Iraq Oil Output Falls to 4 Million BPD in March After OPEC Cuts
BAGHDAD, March 30 (Reuters) - Iraq's oil production has averaged 4.464 million barrels per day (bpd) so far in March, a reduction of more than 300,000 bpd on levels before OPEC cuts were implemented from Jan. 1, state-oil marketer SOMO said on Thursday.
Average crude exports were 3.756 million bpd so far in March, down from 3.869 million bpd in February, SOMO director Falah al-Amiri told reporters in Baghdad, adding that the March figure included 515,000 bpd exported by the Kurdish region.
Iraq, OPEC's second biggest producer after Saudi Arabia, was 90 percent compliant with its share of OPEC cuts, he said.

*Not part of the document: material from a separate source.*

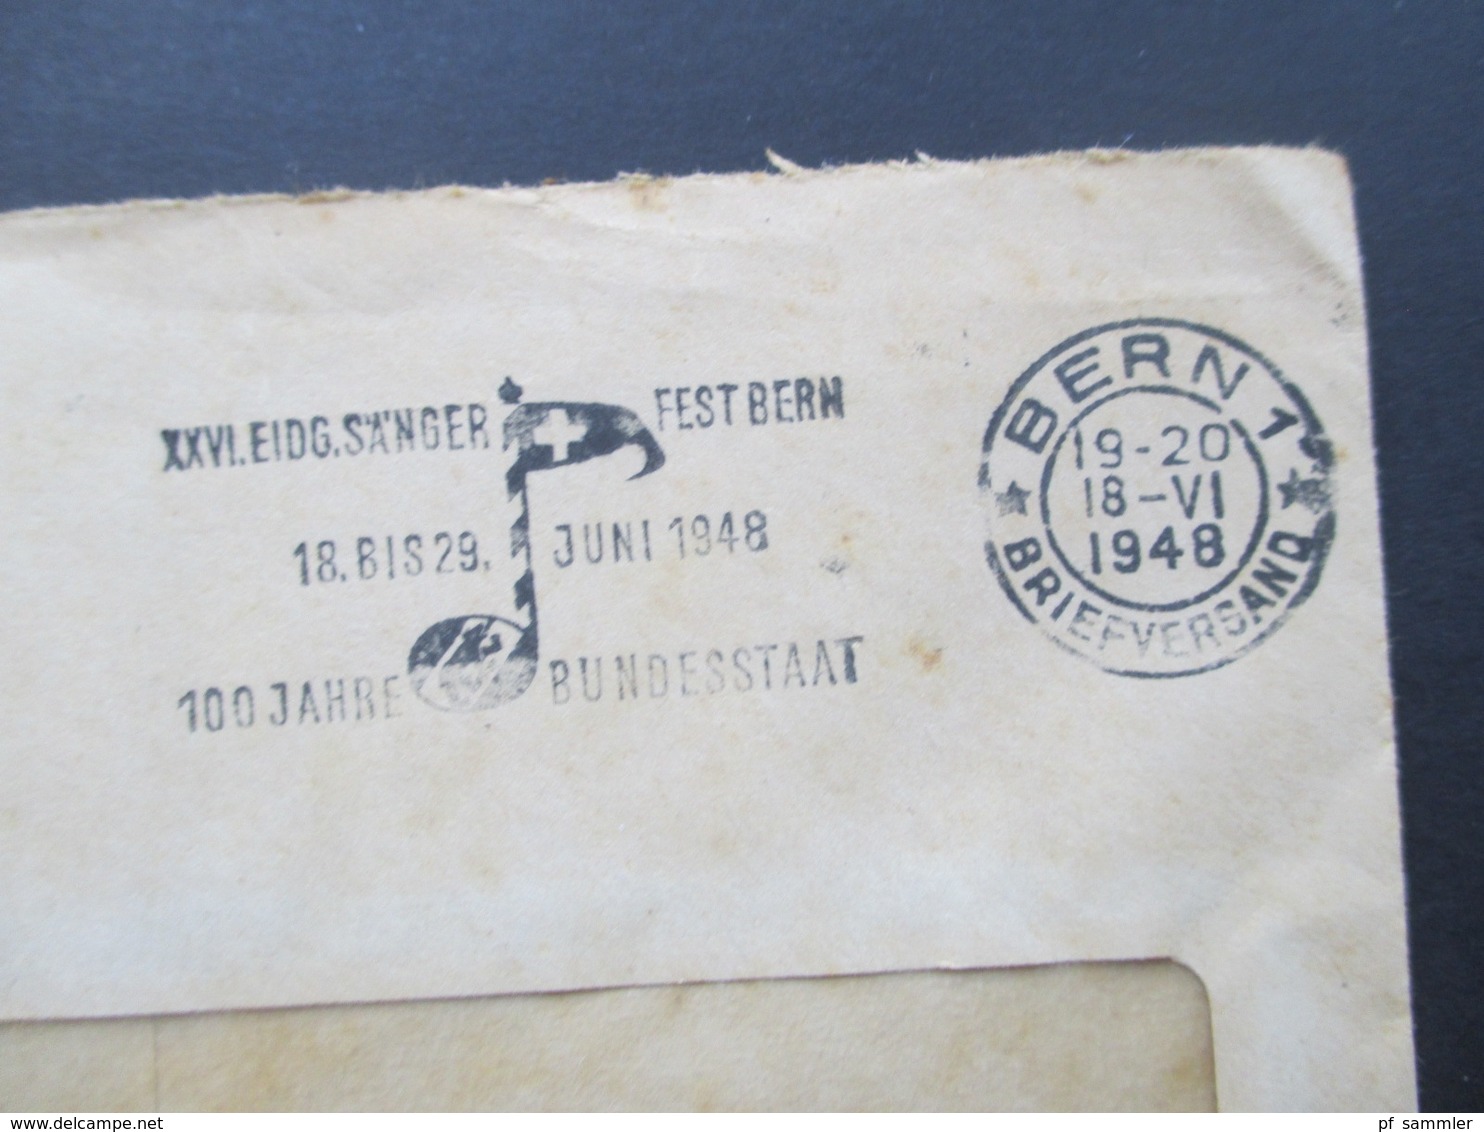 Schweiz 1948 Officiel Eidgenössisches Militärdepartement Abteilung Für Luftschutz. Stempel Bern 100 Jahre Bundesstaat - Briefe U. Dokumente

Iraq's exports reached a record of more than 4 million bpd in November, just before the Organization of the Petroleum Exporting Countries announced its agreement to reduce output in the first six months of 2017.
Iraq exports most oil from its southern oil ports. Crude produced in the Kurdish autonomous region and the northern area of Kirkuk is taken by pipeline to Turkey's Ceyhan port on the Mediterranean Sea for export.
Kirkuk exports averaged 49,000 bpd so far in March, Amiri said. SOMO, which only handles foreign sales of crude produced in areas under central government control, exported 3.269 million bpd on average in February and 3.320 million bpd in January, Oil Ministry figures published on March 9 showed. The numbers exclude the Kurdish area.